What you give back from the listing below should be an exact copy of the lines from the one with "Ken Rosenthal lays" down to the one with "Minnesota Gophers Football", and it should contain no pictures.

*Available data*
====
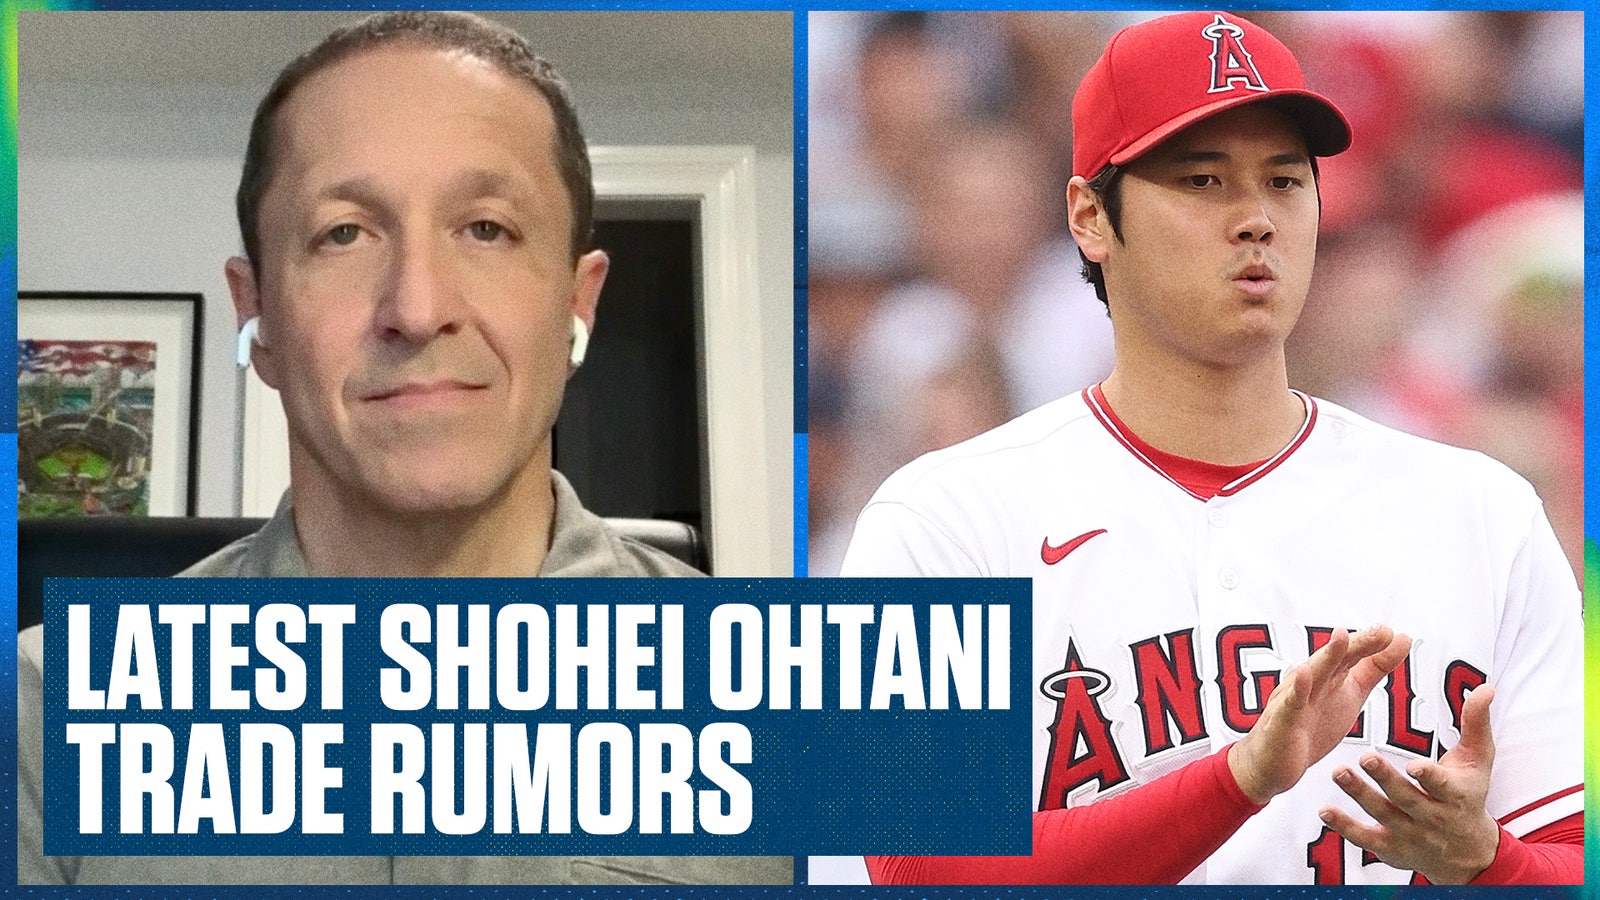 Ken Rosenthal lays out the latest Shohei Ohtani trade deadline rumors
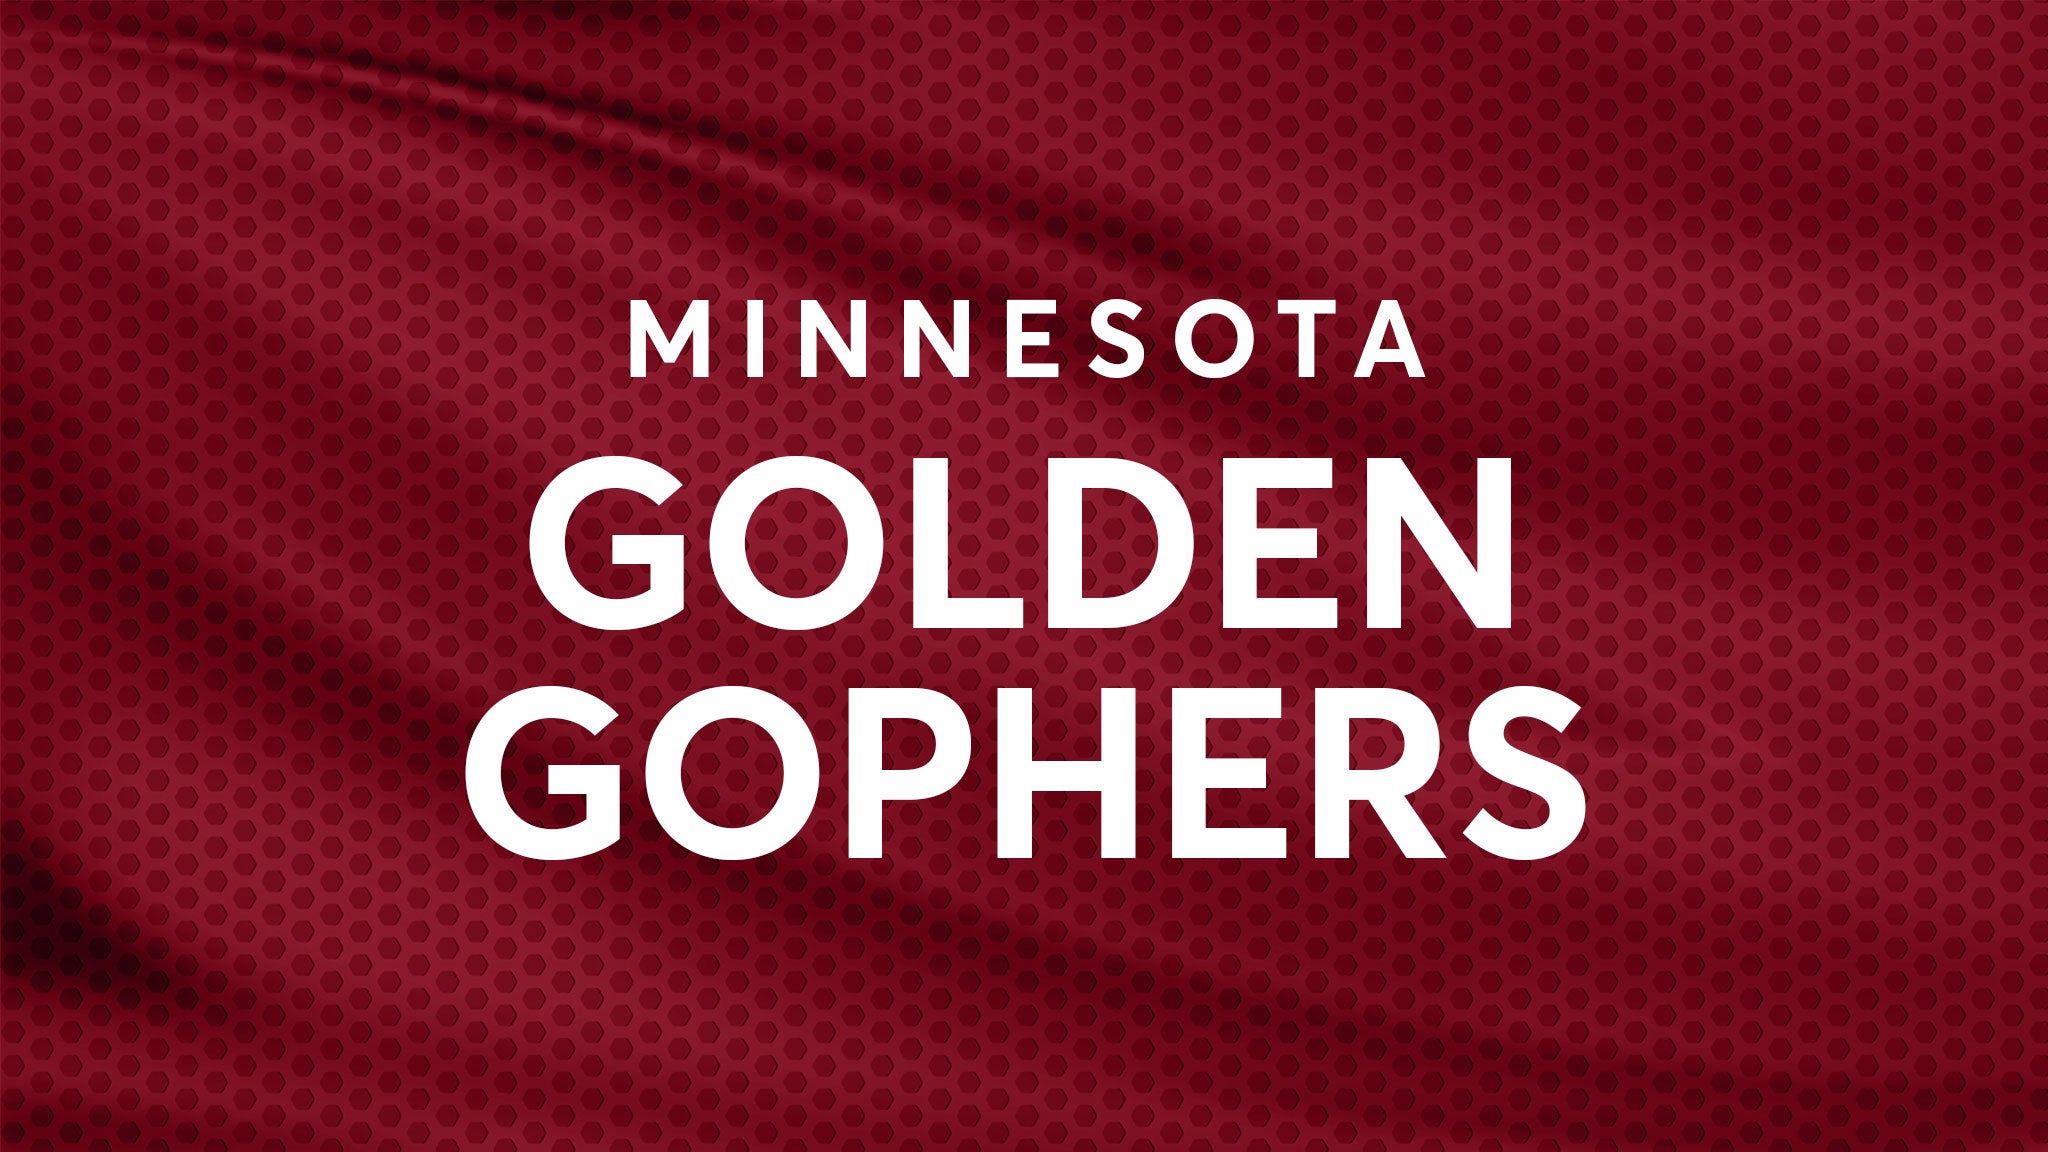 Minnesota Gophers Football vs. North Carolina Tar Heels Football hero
====
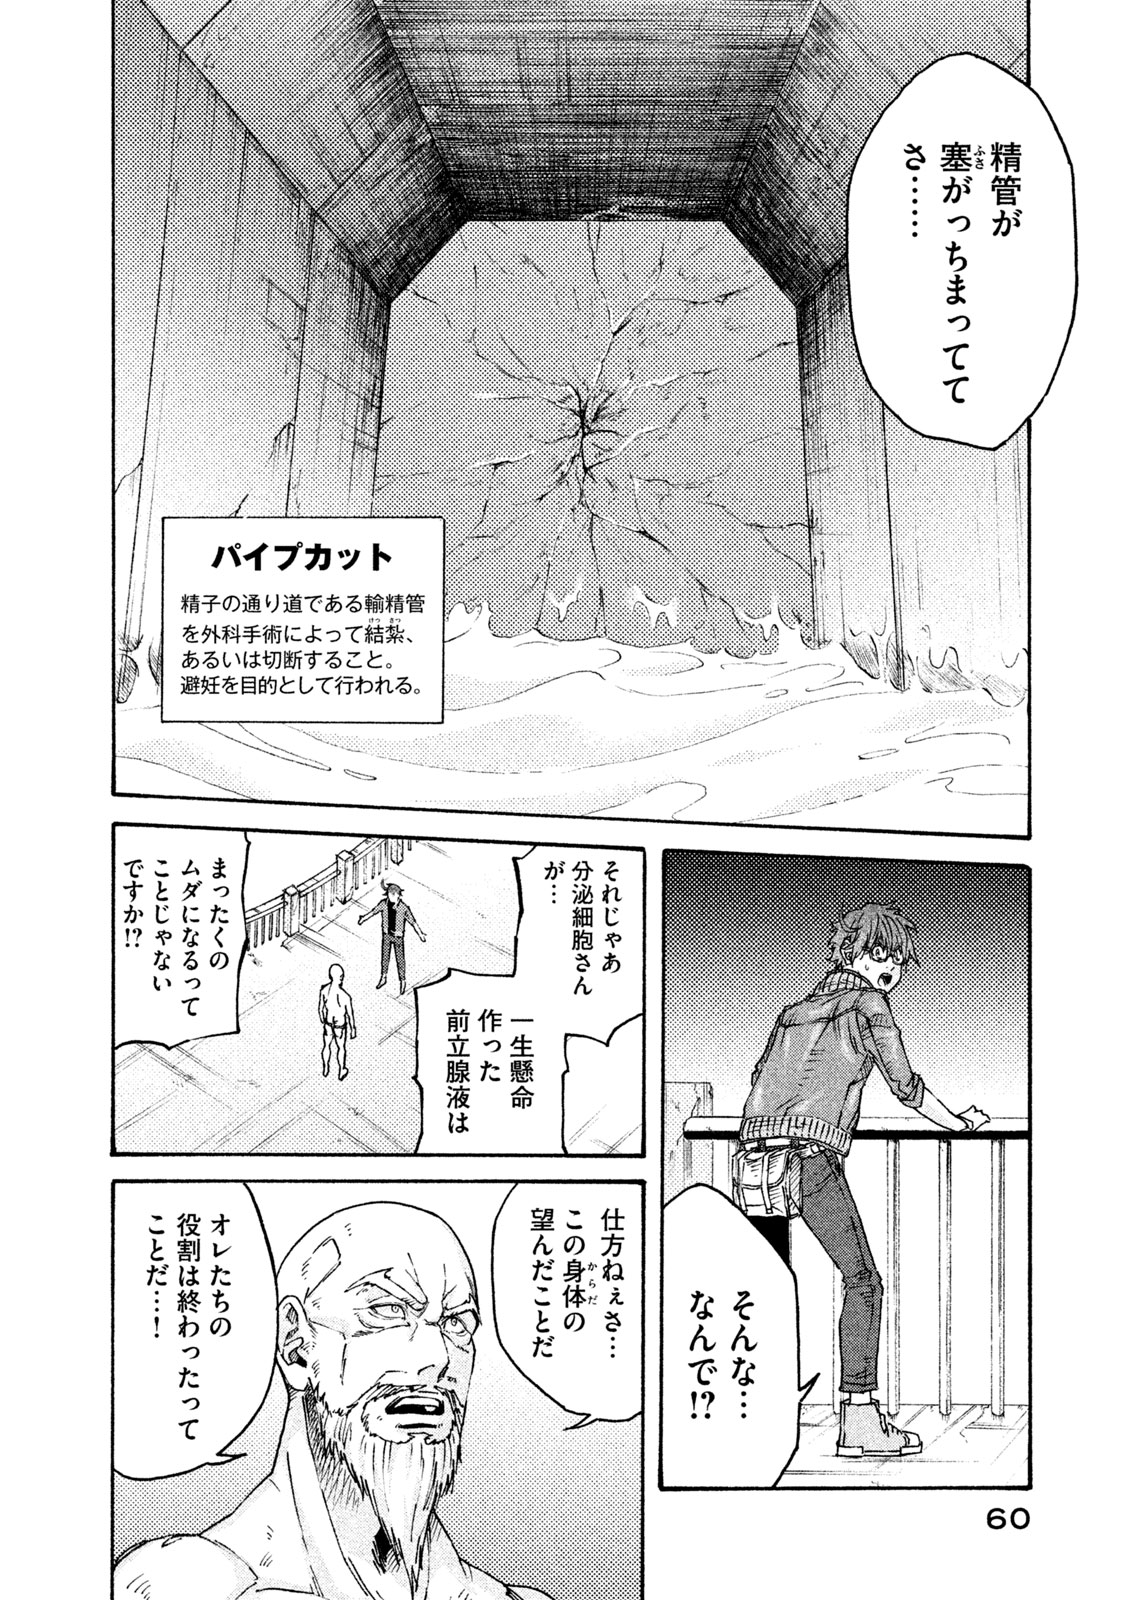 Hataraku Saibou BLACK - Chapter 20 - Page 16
====
*Response below*
 Ken Rosenthal lays out the latest Shohei Ohtani trade deadline rumors
 Minnesota Gophers Football vs. North Carolina Tar Heels Football hero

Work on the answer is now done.